### Aim of the task
Among the records that follow, find the line with "Young boy wearing" and the line with "Why is it important". Set down those lines and all lines between them exactly, without adding anything.

### Given entries
+ + + +
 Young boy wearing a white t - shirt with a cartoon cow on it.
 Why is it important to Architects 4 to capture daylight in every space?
+ + + +
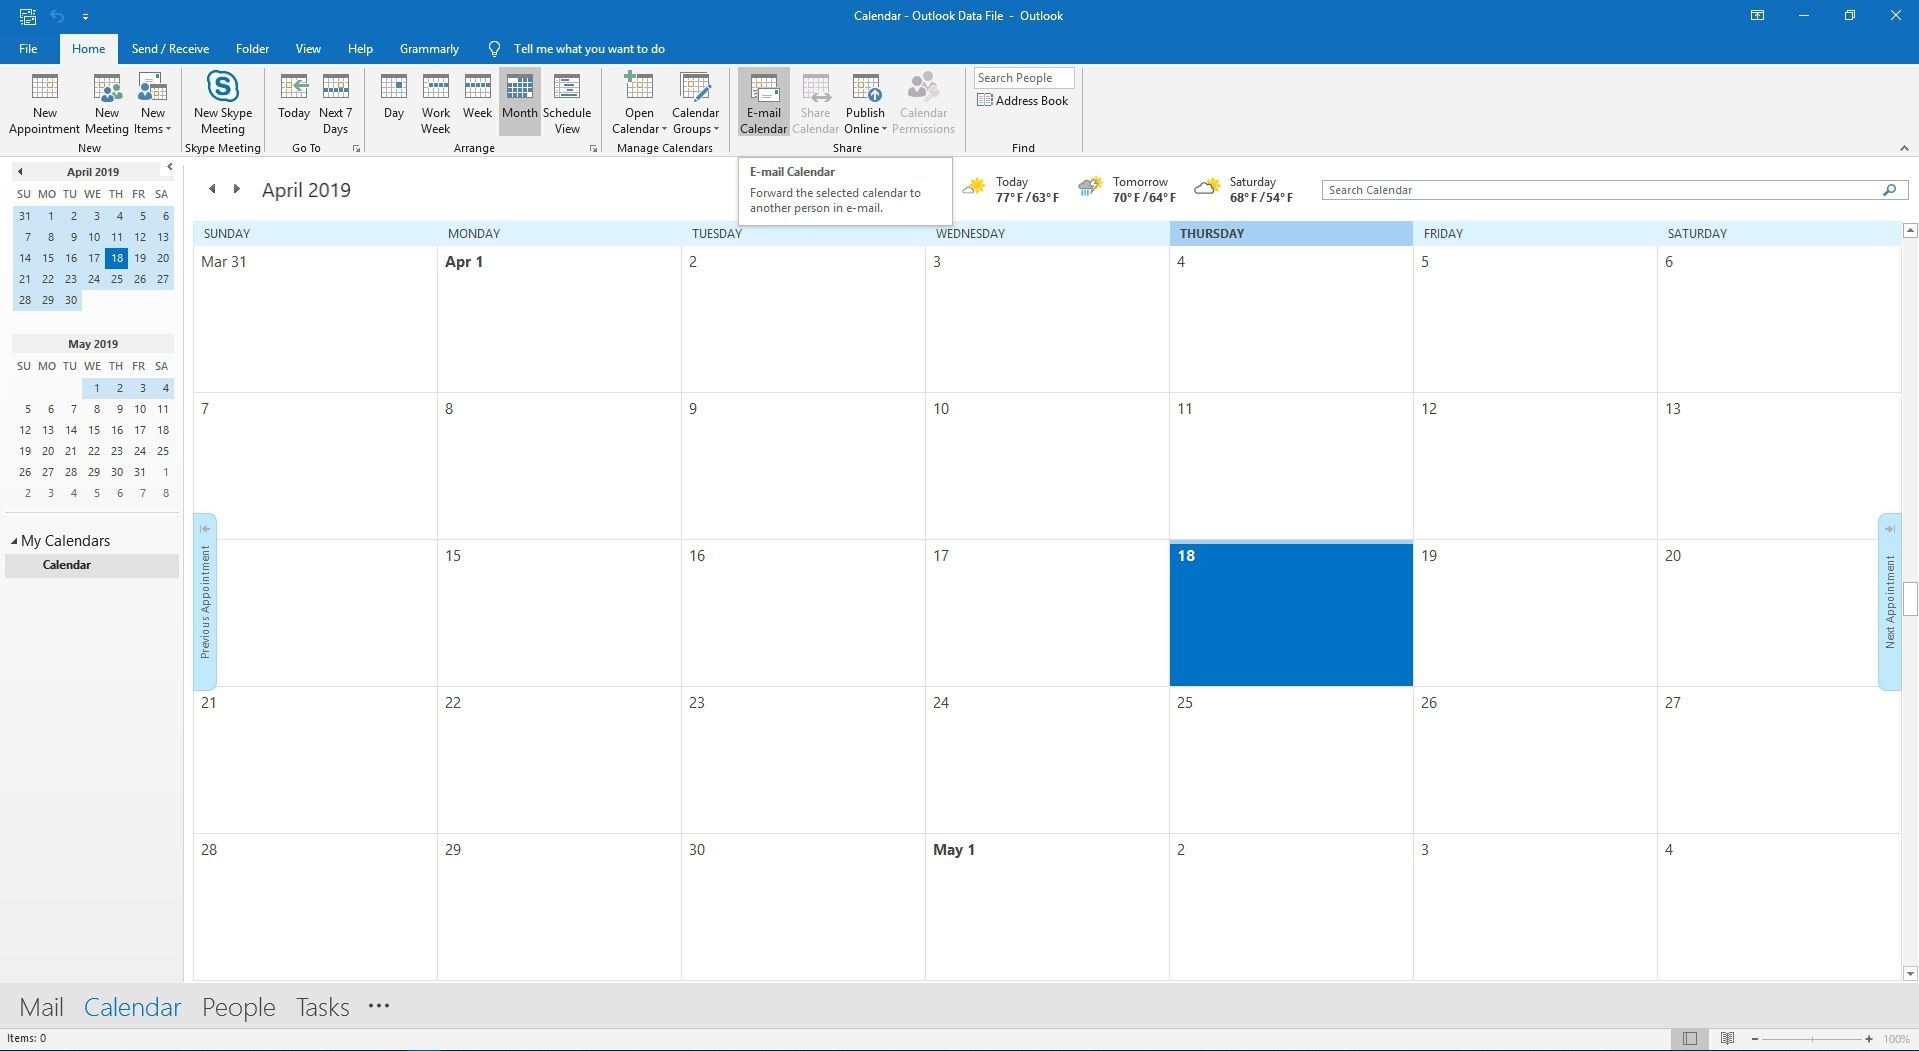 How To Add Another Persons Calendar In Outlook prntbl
+ + + +
### Solution to this task
 Young boy wearing a white t - shirt with a cartoon cow on it.
 Why is it important to Architects 4 to capture daylight in every space?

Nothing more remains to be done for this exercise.